# Task objective
From the line that contains "Sea Turtles Collage" down to the final line of the listing below, set down every line exactly, both ends included, and drop the pictures.

# Information supplied
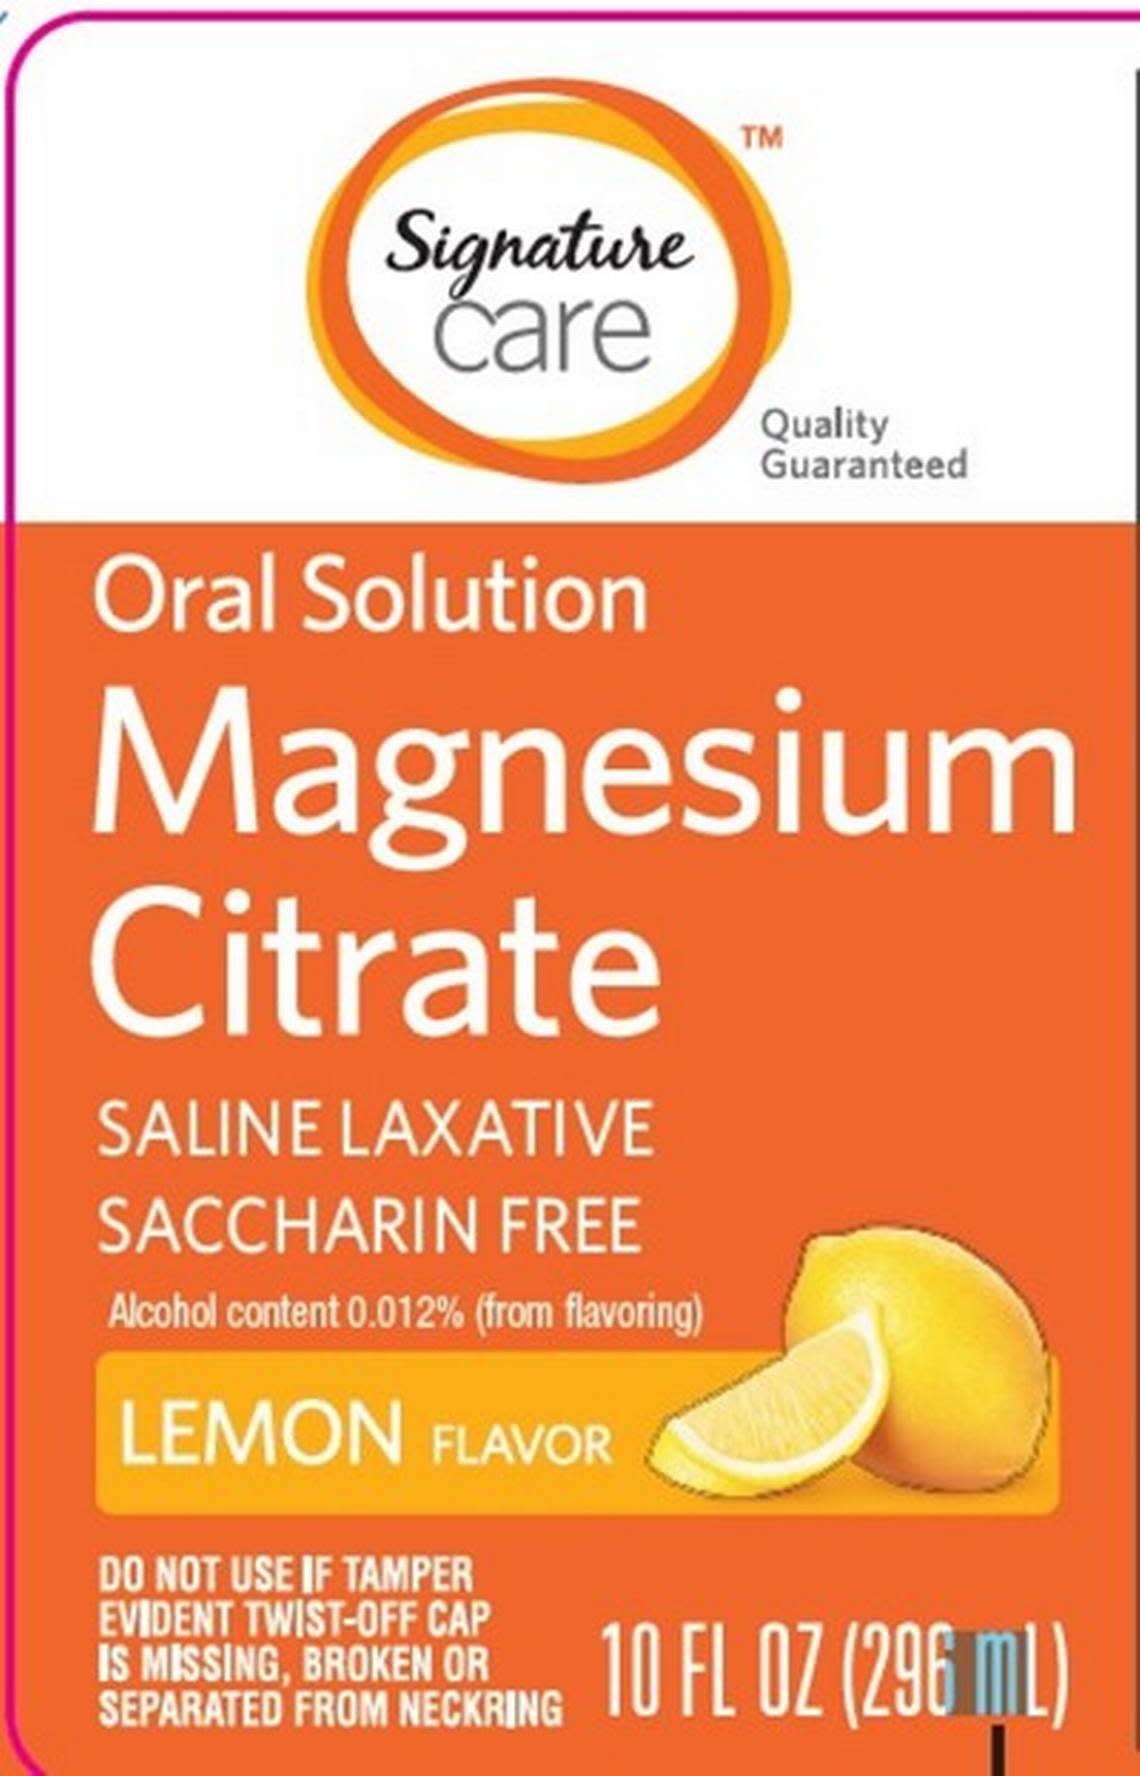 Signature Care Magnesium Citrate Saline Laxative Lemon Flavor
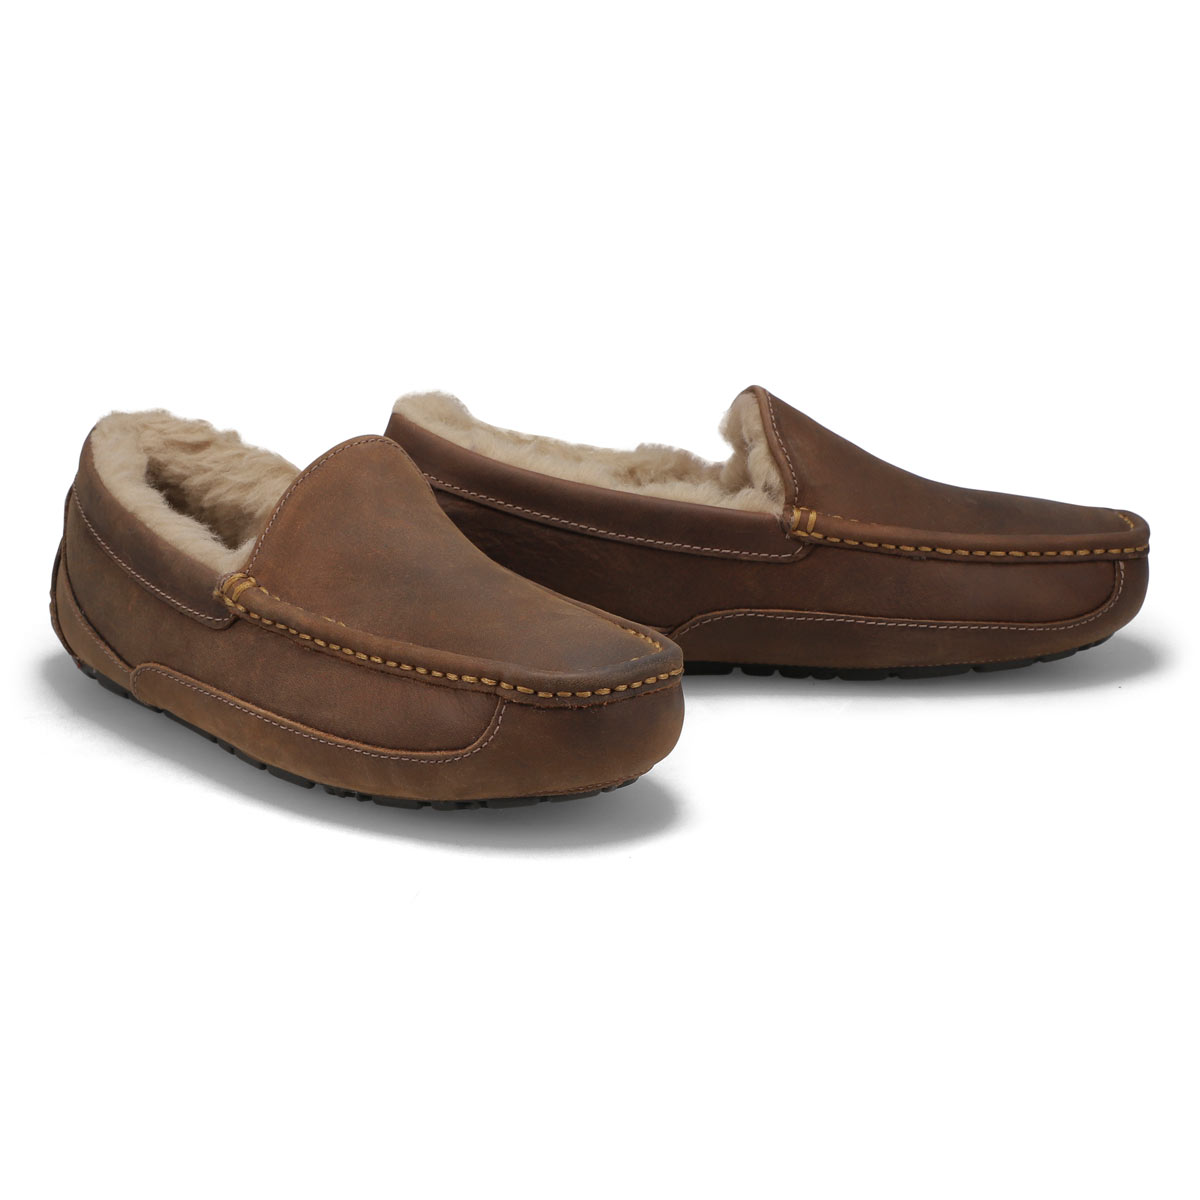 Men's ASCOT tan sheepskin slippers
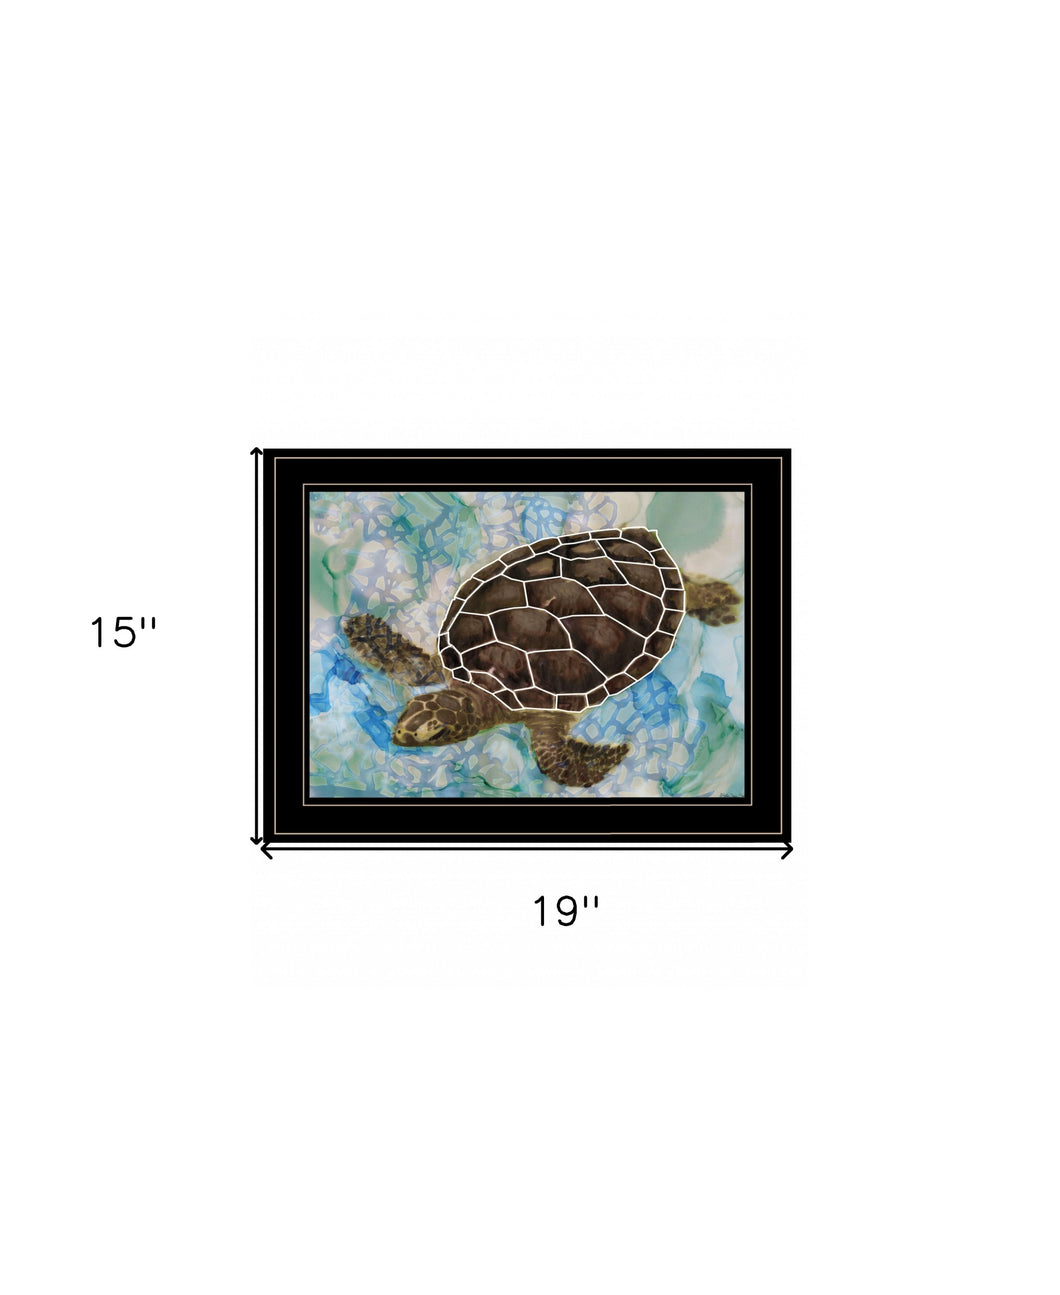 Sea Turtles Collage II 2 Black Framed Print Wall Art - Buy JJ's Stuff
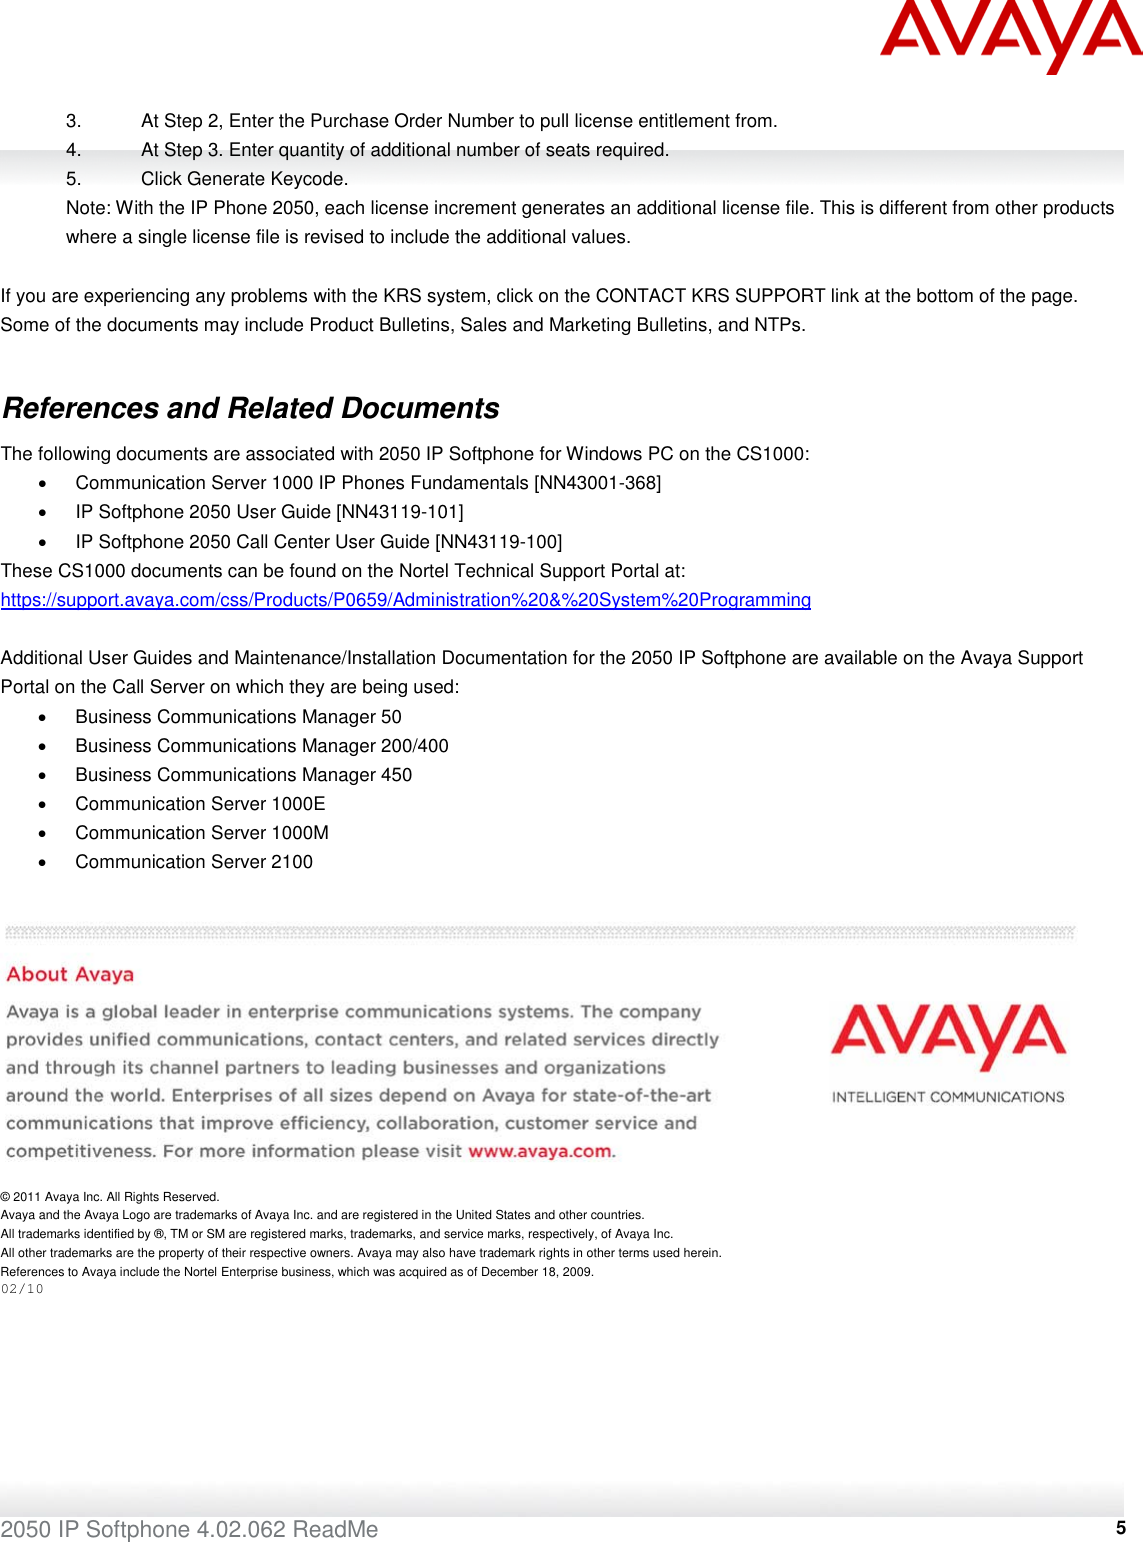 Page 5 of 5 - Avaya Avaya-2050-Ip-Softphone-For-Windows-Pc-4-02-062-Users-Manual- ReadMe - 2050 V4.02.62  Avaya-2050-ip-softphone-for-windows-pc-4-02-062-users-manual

# Task result
 Sea Turtles Collage II 2 Black Framed Print Wall Art - Buy JJ's Stuff
 Page 5 of 5 - Avaya Avaya-2050-Ip-Softphone-For-Windows-Pc-4-02-062-Users-Manual- ReadMe - 2050 V4.02.62  Avaya-2050-ip-softphone-for-windows-pc-4-02-062-users-manual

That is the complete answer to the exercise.